◆ Task statement ◆
Return all of the data exactly, omitting any images.

◆ Data below ◆
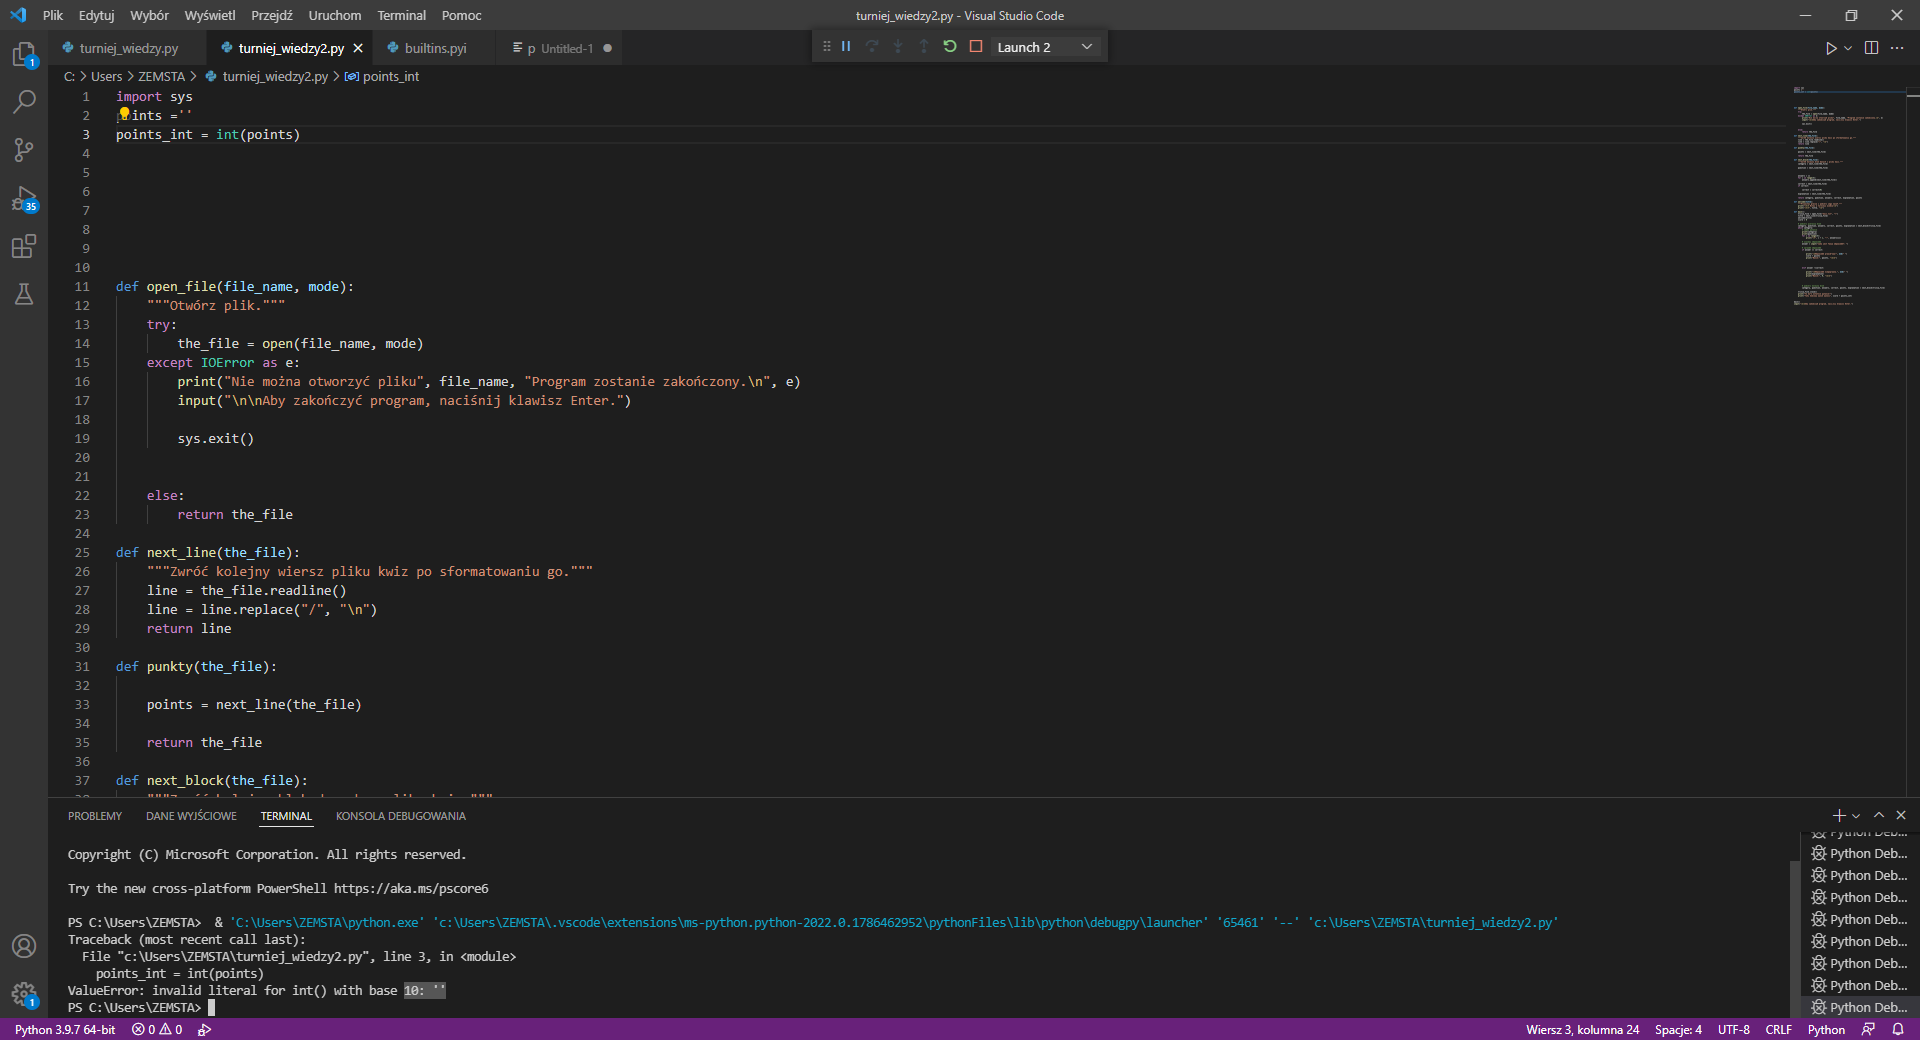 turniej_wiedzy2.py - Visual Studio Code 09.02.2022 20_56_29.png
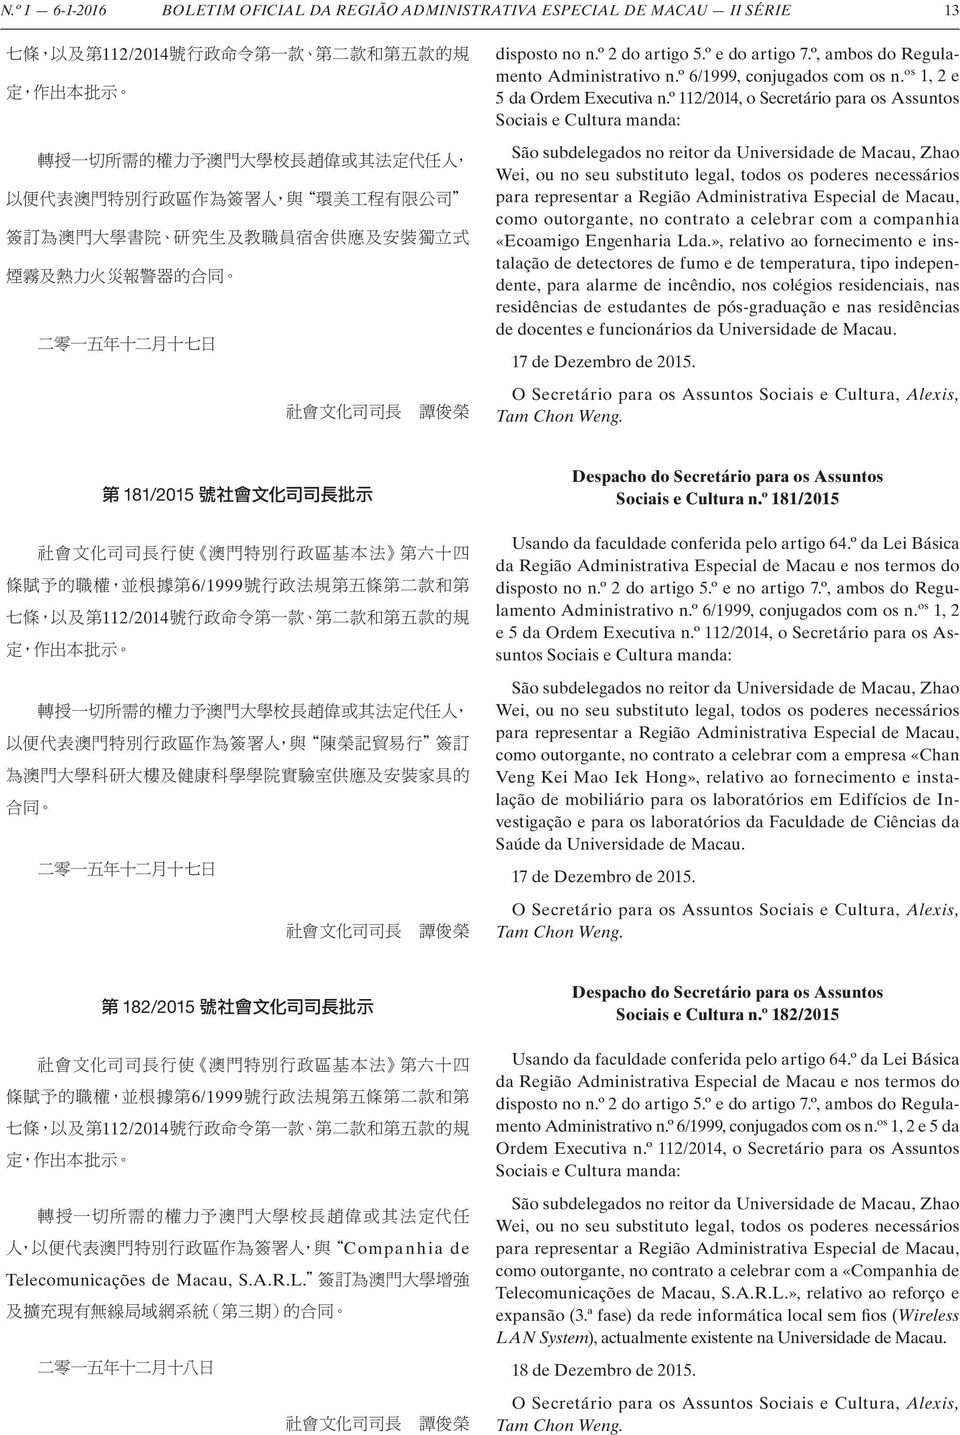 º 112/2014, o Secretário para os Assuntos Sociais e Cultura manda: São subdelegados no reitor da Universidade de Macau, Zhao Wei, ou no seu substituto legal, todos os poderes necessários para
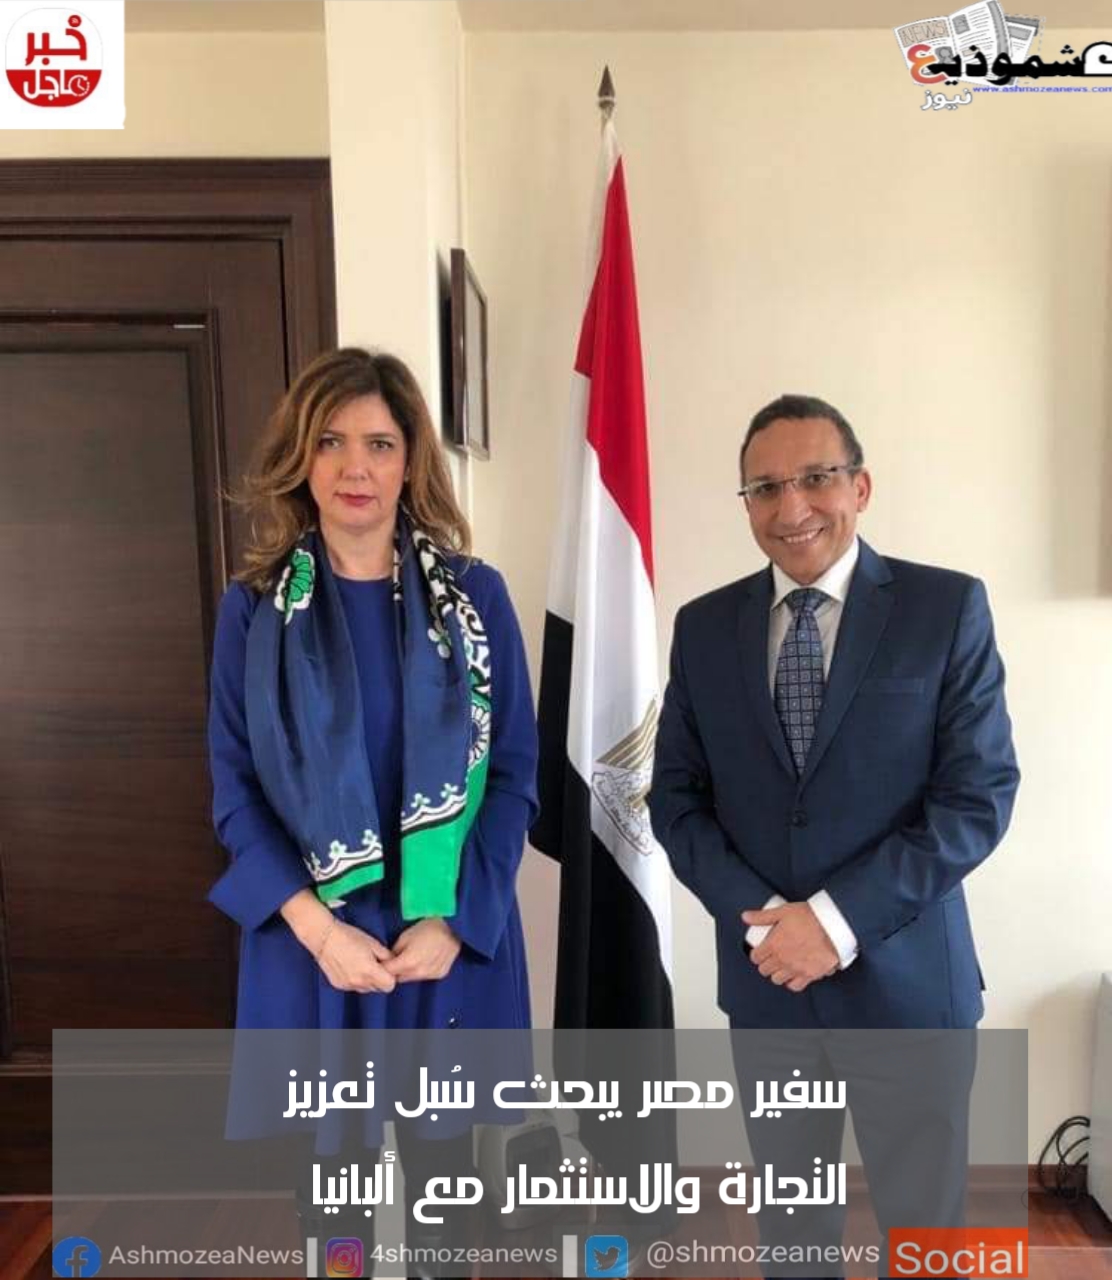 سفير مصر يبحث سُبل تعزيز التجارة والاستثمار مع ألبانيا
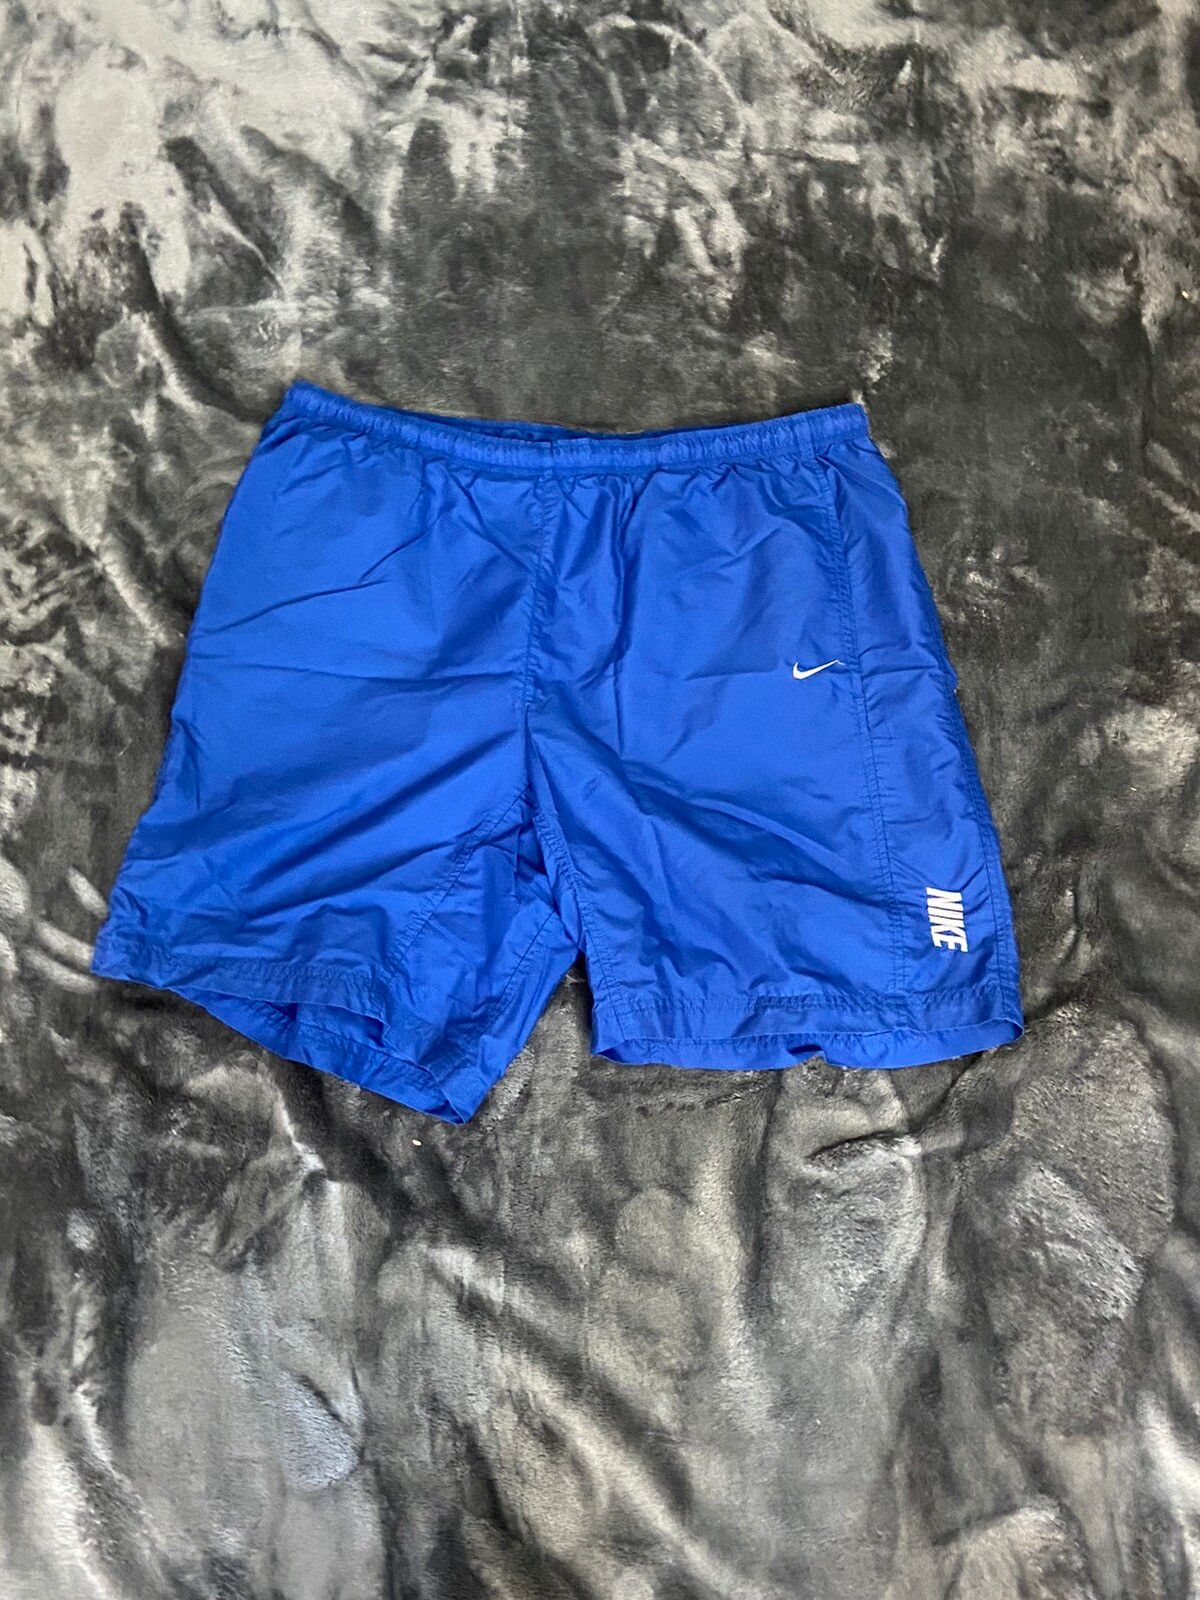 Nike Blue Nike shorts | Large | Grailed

◆ Exercise solution ◆
 turniej_wiedzy2.py - Visual Studio Code 09.02.2022 20_56_29.png
 º 112/2014, o Secretário para os Assuntos Sociais e Cultura manda: São subdelegados no reitor da Universidade de Macau, Zhao Wei, ou no seu substituto legal, todos os poderes necessários para
 سفير مصر يبحث سُبل تعزيز التجارة والاستثمار مع ألبانيا
 Nike Blue Nike shorts | Large | Grailed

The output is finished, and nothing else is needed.